2006年9月27日、コロラド州デンバー近郊の町、ベイリーでの出来事である。午前11時40分頃、フード付きの黒いスウェットシャツを着た中年男がプラット・キャニオン高校に侵入し、サンドラ・スミスが担当する特別英語クラスに強引に踏み入ると、天井に拳銃を発砲してこのように叫んだ。
「全員、黒板を背にして立て!」
青天の霹靂とはまさにこのことである。
「このバックパックの中には爆弾が入っている。舐めた真似をすると爆発させるから覚悟しろよ!」
やがて男は教師と男の生徒を解放し、女の生徒6人を人質に取って教室に籠城した。
間もなくSWATチームが学校と取り囲み、電話による交渉が行われたが、まったく捗らなかった。男の云うことは支離滅裂で、目的がさっぱり判らないのだ。それでも交渉人はどうにか4人の生徒を解放させることに成功した。しかし、男のこんな言葉が気になった。
「午後4時になったら交渉は打ち切りだ」
男は午後4時になったら人質を道連れにして死ぬ気ではないだろうか?
SWATが強行突入を打って出たのは午後3時45分のことだった。その際に人質の一人、エミリー・キーズ(16)が男のもとから逃げ出した。男は彼女の頭を背後から撃ち抜いて殺害すると、自らのこめかみに銃口を当てて自殺した。

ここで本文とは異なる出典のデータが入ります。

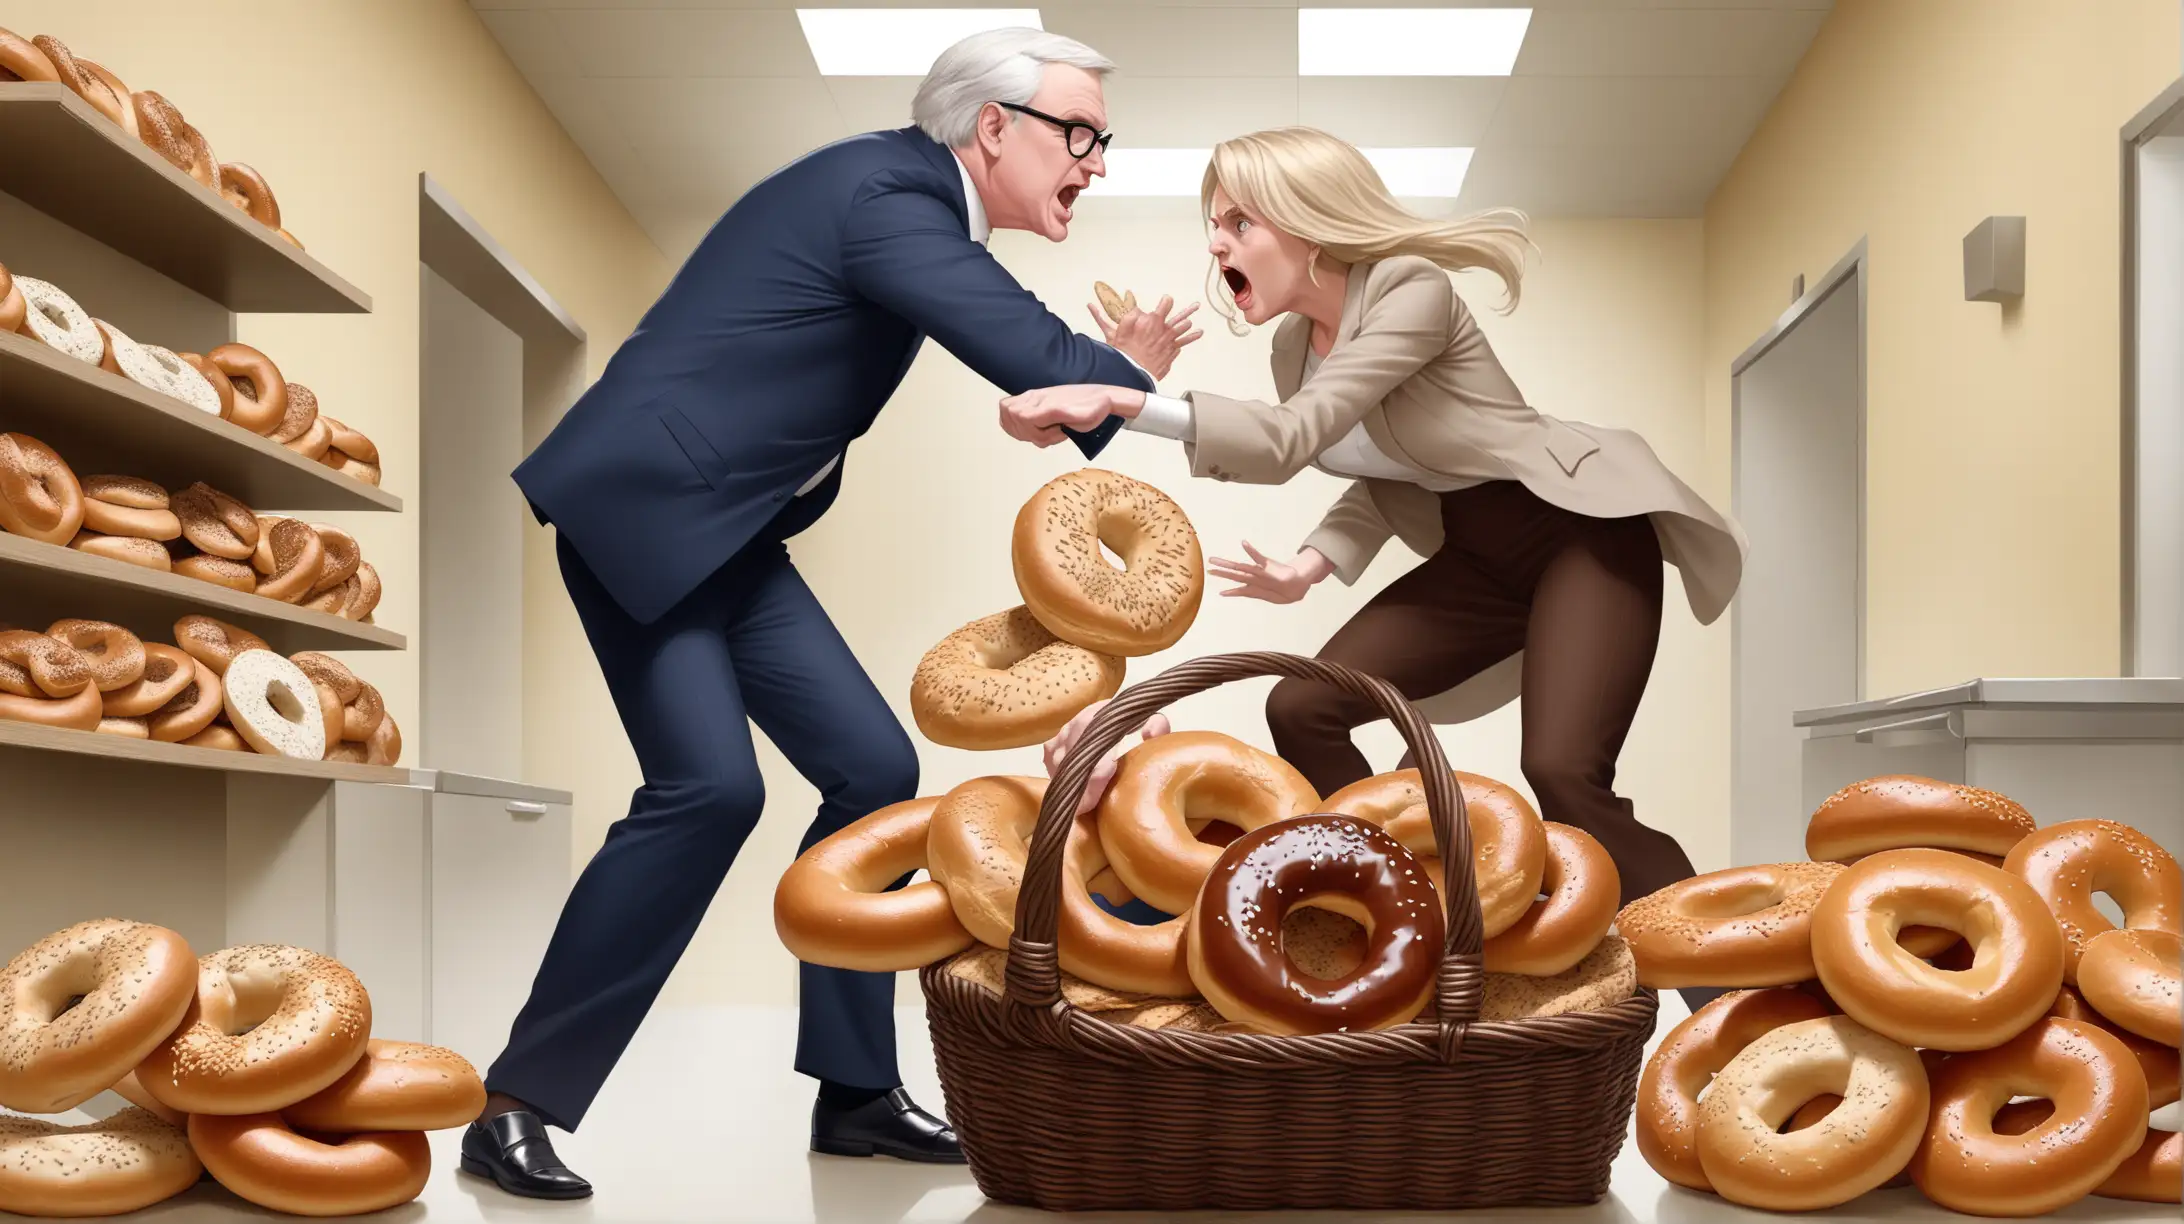 a rich white man and a trashy white woman fight over a basket of bagels and matza

バックパックからは爆発物は発見されなかった、すべてが彼のハッタリだったのだ。
男の正体はデュアン・モリソン(53)というケチな前科者だった。やがて捜査官は彼の筆による遺書を押収した。目的が判らないのも道理で、これはこいつの迷惑な自殺だったのだ。
救出された人質によれば、彼女たちは性的な虐待を受けていたという。思うに、このバカは死ぬ前に女子高生にイタズラしたいと考えていたのではないだろうか? だとすればトンデモなく卑劣な男だ。地獄で永遠に苦しむがよい。